Long walks help me think. Sometimes, I’ll walk and dictate my thoughts into Evernote, where I keep my journal. I created these notes on July 8th, 2019.
Why are all of the events of my life important? What is the giant meta pattern that ties them all together? That brings meaning to my life?
This is why we need story. This is why we need myth.
Hypothesis: our life is really only what we physically do. The literal movement of our body through this material plane. Even when you think you are doing something digital, you are really only doing what your body is physically doing. Your fingers move across a keyboard. Your eyes gaze at a screen. You speak into a box (your phone) alone, with a digitally-created illusion of being in the presence of another person.

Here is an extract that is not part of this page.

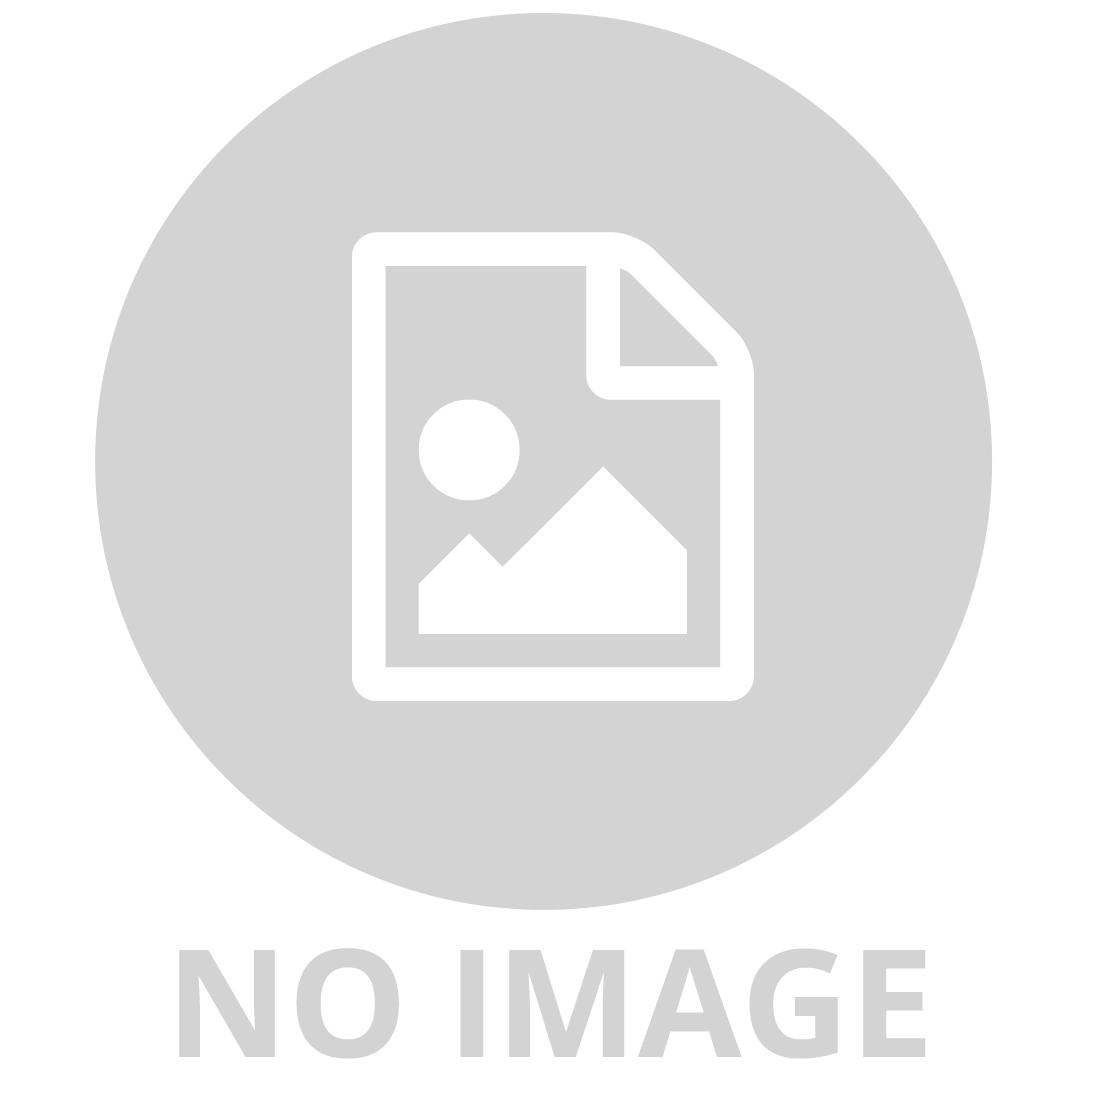 PLAYMOBIL SPIRIT 70121 MISS FLORES CLASSROOM

This is repeated hundreds of millions of time per day: everyone’s sitting alone, with the illusion of being connected.
Most of what we do in life we do alone.
We can be doing the same things, but person A is 100% joyful, and person B is 100% miserable.
“How you do anything is how you do everything.“
In other words, perhaps it’s not so much what you do, but how you approach whatever you do. The energy you put into it. Do you bring joy, enthusiasm, a sense of adventure, a sense of anticipation? Or do you bring misery, sadness, frustration, boredom?
We are meant for joy, enthusiasm, and a sense of adventure and anticipation. This should be the foundational mode of operating in life. Perhaps for me, that is the answer.
Stop searching for some grand experiment. Stop searching for the thing that will make you famous. Or rich. Simply live at peace with what life has handed you now. You do not know if you will have any other moments than this one.
Wait: what’s that? A realization that it’s July 8? What meaning has my mind attached to that? The 4th of July has passed. July is almost over. Summer is almost over. Life is almost over. And I haven’t done the things I want to do.
These are distortions of consciousness. Things that consciousness has held onto for some reason. Mistakes, perceptions of mistakes, people, events, places. Perceived missed opportunities. This is the stuff anxiety is made of.
I remember that time towards the end of college. I was going to graduate soon. One morning I woke up very early, before dawn. It was a beautiful spring morning. I had a sense of so much joy, so much enthusiasm, so much adventure for life. I was overwhelmed with gratitude. I just took off running. I ran all the way down to the Boulder Creek Path, as fast as I could, full of joy. It was the earliest I had been up in months—perhaps my entire life. And I remember just thinking: this is how life should be. Every moment of every day should have this level of joy, enthusiasm, and gratitude. A connection with all and everything.
What if, “What should I do?” and “What do I want to do?” were traps?
What if I consistently asked instead: “Who do I want to be?” And “How present do I want to be” and “how awake can I be?”
…today.
Who do I want to be today. How present can I be now? How awake and alive and enthusiastic am I in this moment?
More being, less doing?
What if I lived a day BEING more and DOING less?
Yes, it’s the old cliche, “I’m a human being, not a human doing.” But hearing words and understanding them are two different universes.